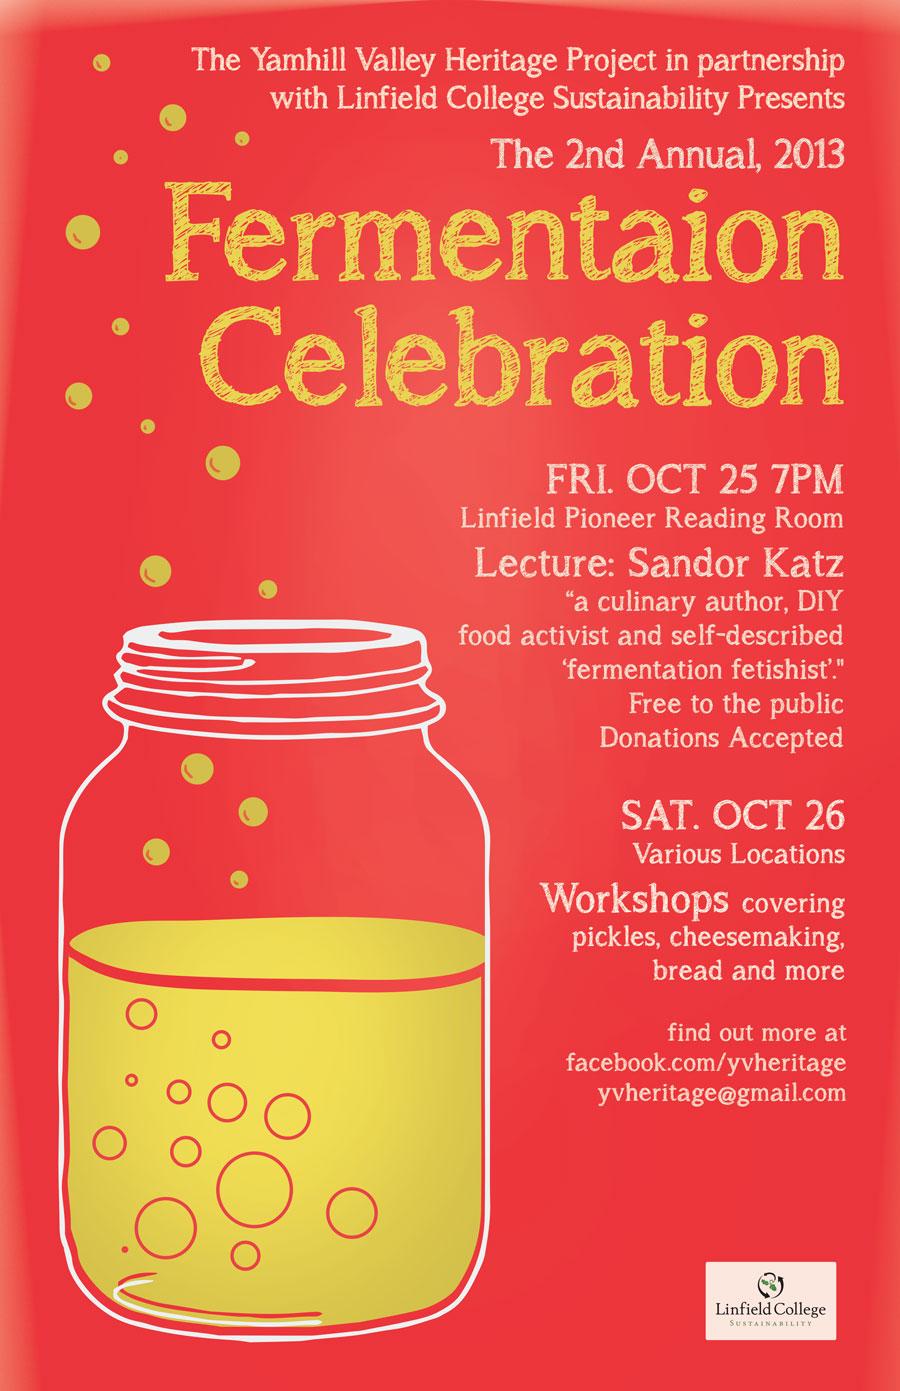 fermentation.celebration.2013
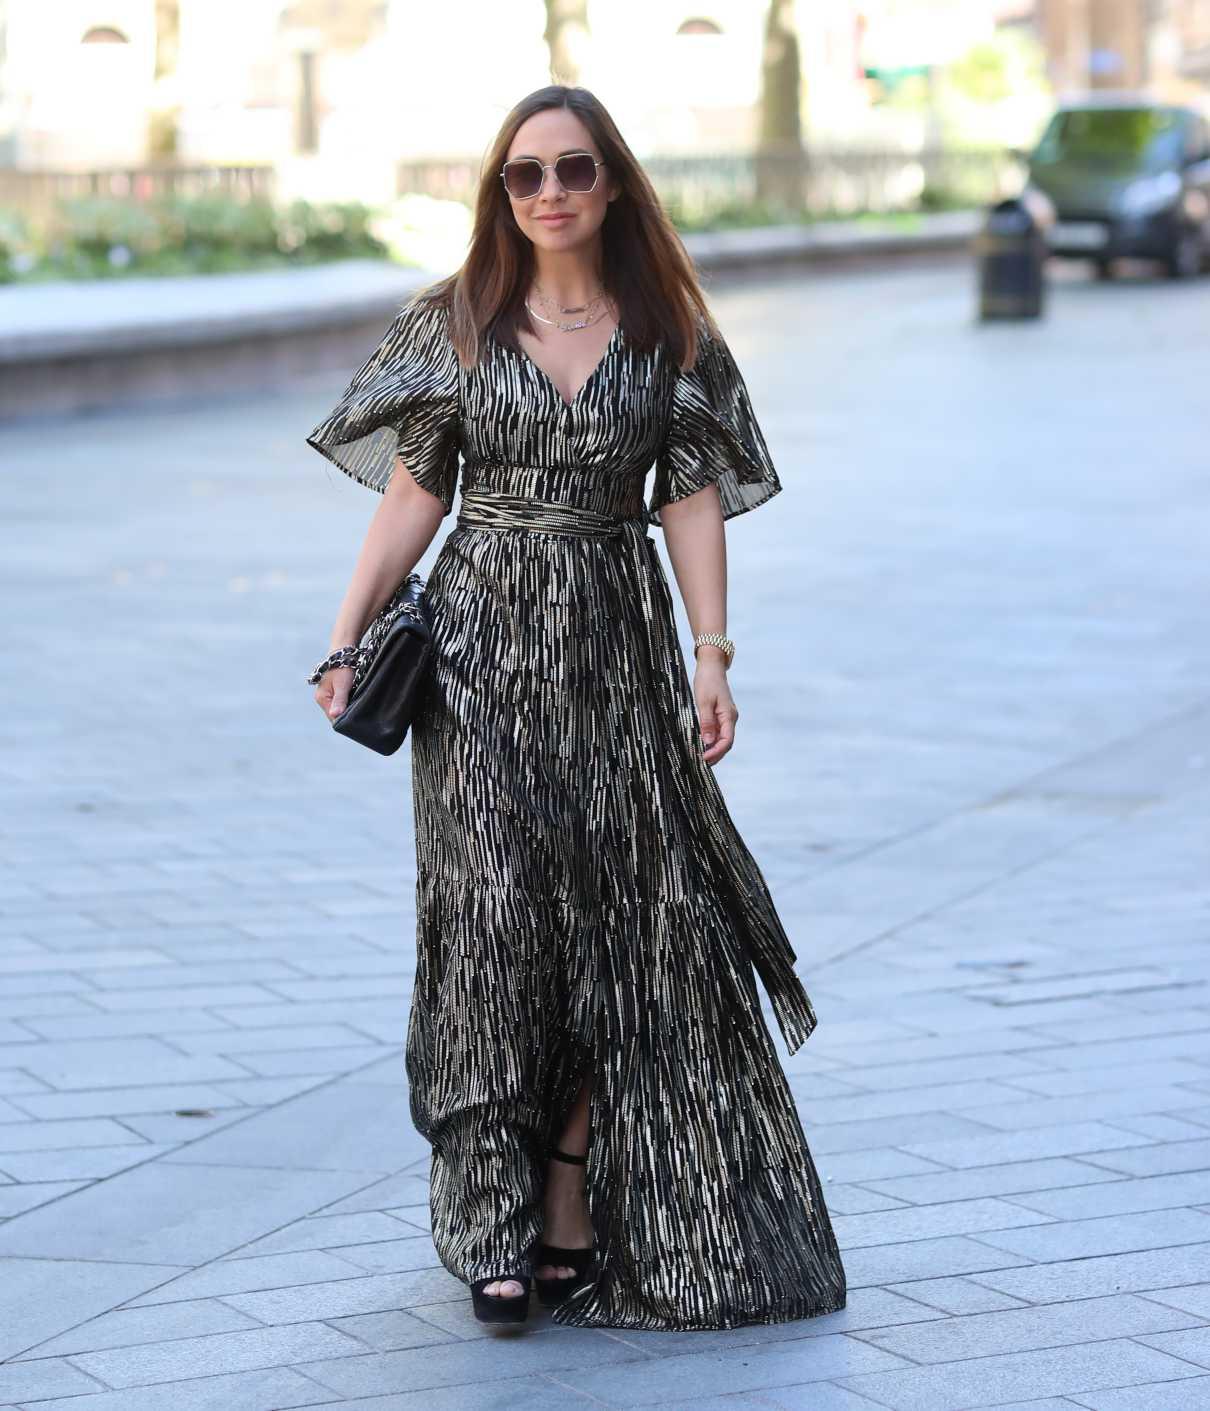 Myleene Klass in a Gray Metallic Dress
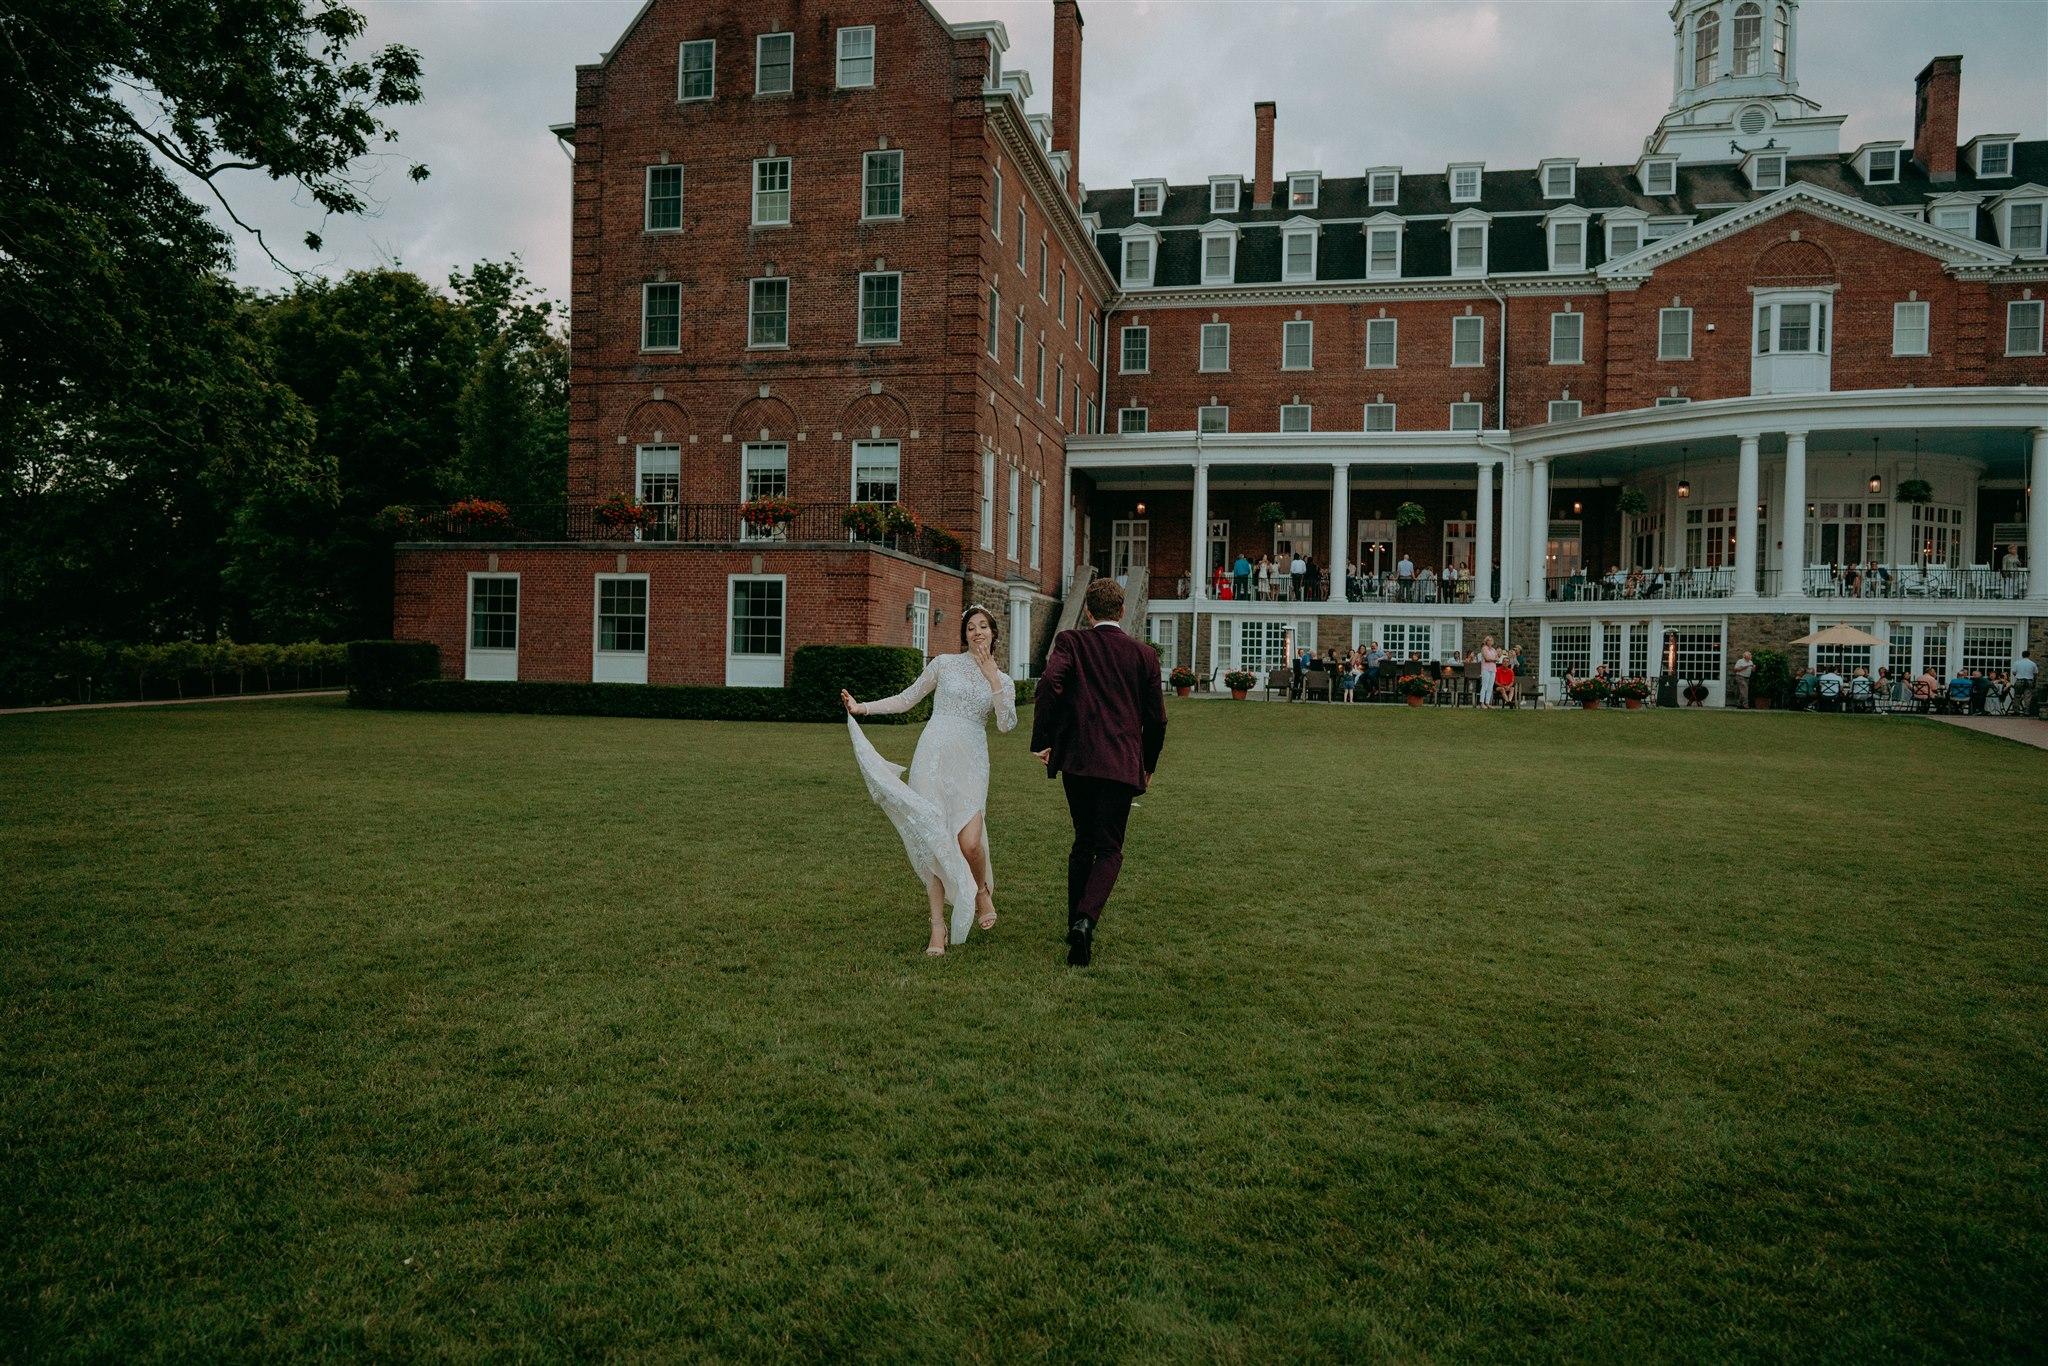 Chellise_Michael_Photography_Hudson_Valley_Wedding_Photographer_Otesaga_Hotel-6110.jpg

************

*TASK GOAL*
Everything from the line containing "Myleene Klass in a Gray Metallic Dress" through the end of the data should be printed exactly, line for line, except the pictures.

*ANSWER FOR THE TASK*
 Myleene Klass in a Gray Metallic Dress
 Chellise_Michael_Photography_Hudson_Valley_Wedding_Photographer_Otesaga_Hotel-6110.jpg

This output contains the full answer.